You should not be troubled that George Zimmerman "got away" with the killing of Trayvon Martin, you should be troubled that you live in a country that ensures that Trayvon Martin will happen.
And, so, Kelly, that's where this white lady stands. Am I pissed at George Zimmerman? Yeah, I am. But I'm more pissed that anyone could feel comfortable stalking an unarmed minor because he was black and wearing a hoodie. (Emphasis mine)
Zimmerman
He's got his hand in his waistband. And he's a black male.
Dispatcher
How old would you say he looks?
Zimmerman
He's got button on his shirt, late teens.
Dispatcher
Late teens. Ok.
Zimmerman
Somethings wrong with him.
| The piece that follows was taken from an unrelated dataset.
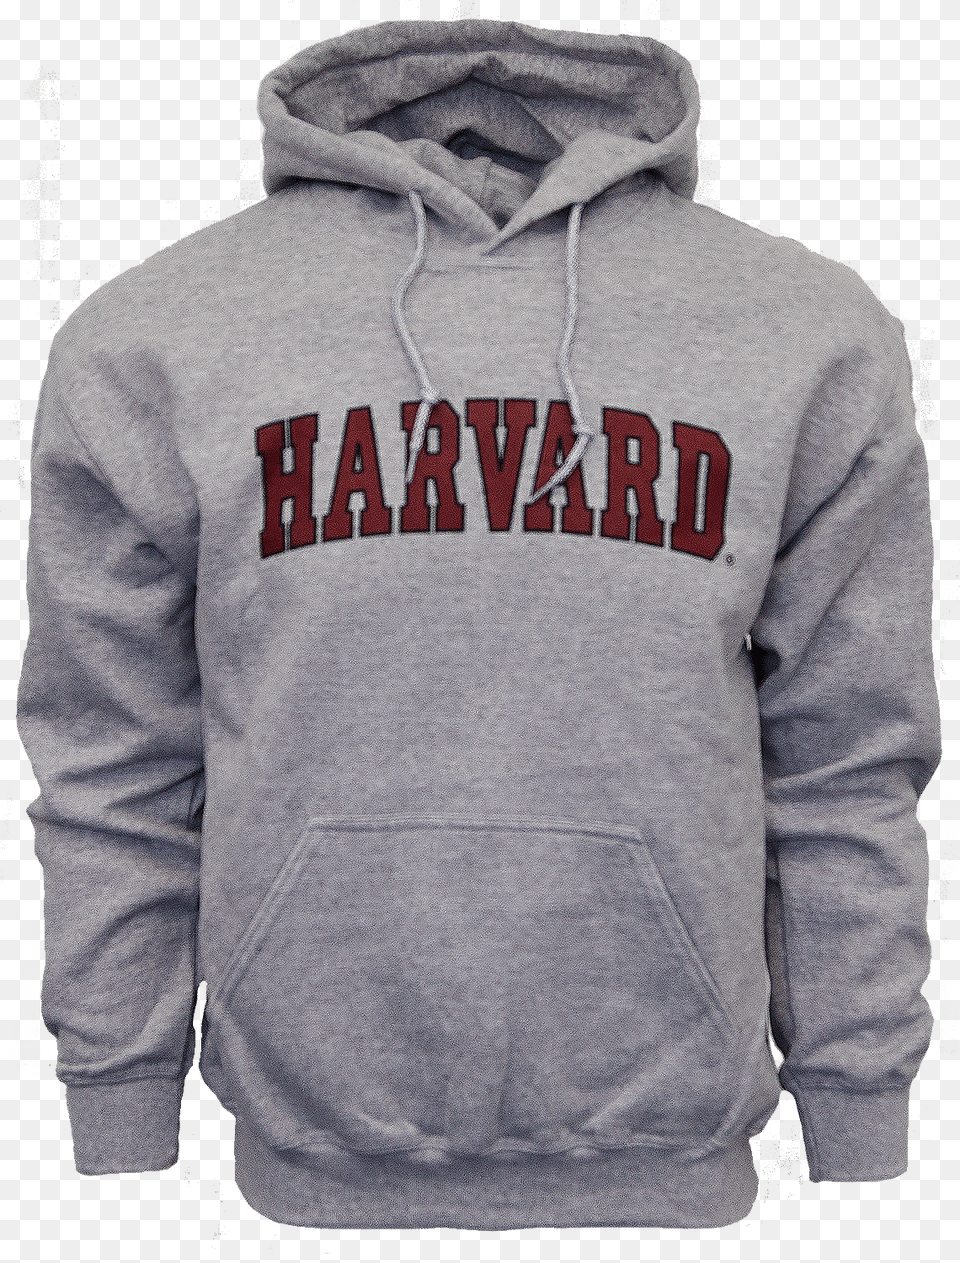 Harvard Hooded Arc Sweatshirt Hoodie, Clothing, Hood, Knitwear, Sweater Free Transparent Png

Yup, he's coming to check me out, he's got something in his hands, I don't know what his deal is.
Dispatcher
Just let me know if he does anything, ok?
Zimmerman
(unclear) See if you can get an officer over here.
Dispatcher
Yeah we've got someone on the way, just let me know if this guy does anything else.
Zimmerman
Okay. These (expletive) they always get away. Yep. When you come to the clubhouse you come straight in and make a left. Actually you would go past the clubhouse.
To me that "and he's a black male" sounds a lot like Paula Deen's "of course" when asked if she'd ever used the n-word before. "And he's a black male" -- as though that's all it takes to be a criminal. "Of course" -- as though using a racial epithet is a normal and acceptable thing to do. "It doesn't violate the law" -- once covered slavery. Listen, the law is just what's written down at the time. People write the laws, and society dictates whether those laws are left to stand or rewritten.
Clearly there's a huge gap between the law and right/wrong in the Trayvon Martin case, and that really sucks. It's a problem so huge I don't know where to start. Unlike women's health rights, there's no concrete one law to point to, to say "change this and we'll be safe." The overarching climate that made it defensible somehow in a Florida court of law to clearly single out a kid because he's a black male who's staring is the thing that needs to change, and it's so nebulous it's hard to know where to start.
So I start in my neighborhood. I start with my daughter. I start with the people I know. I started with the older couple in line behind me at the soccer match. I told them I thought the law and what was right were two completely different things. The older couple didn't see the forest for the trees, or maybe it wasn't a Saturday-night conversation. But I'll keep trying. I don't know how much influence I have on my blog or my social media, but I'll keep trying. I'm not ignoring it. I'm trying to figure out where the fuck to start.
But I'm leaning in. And you know what? I think the fact the Trayvon Martin case got as covered as it did in the media is maybe a good thing. How many trials do we see on the national news for black kids getting shot? Let's keep the conversation going.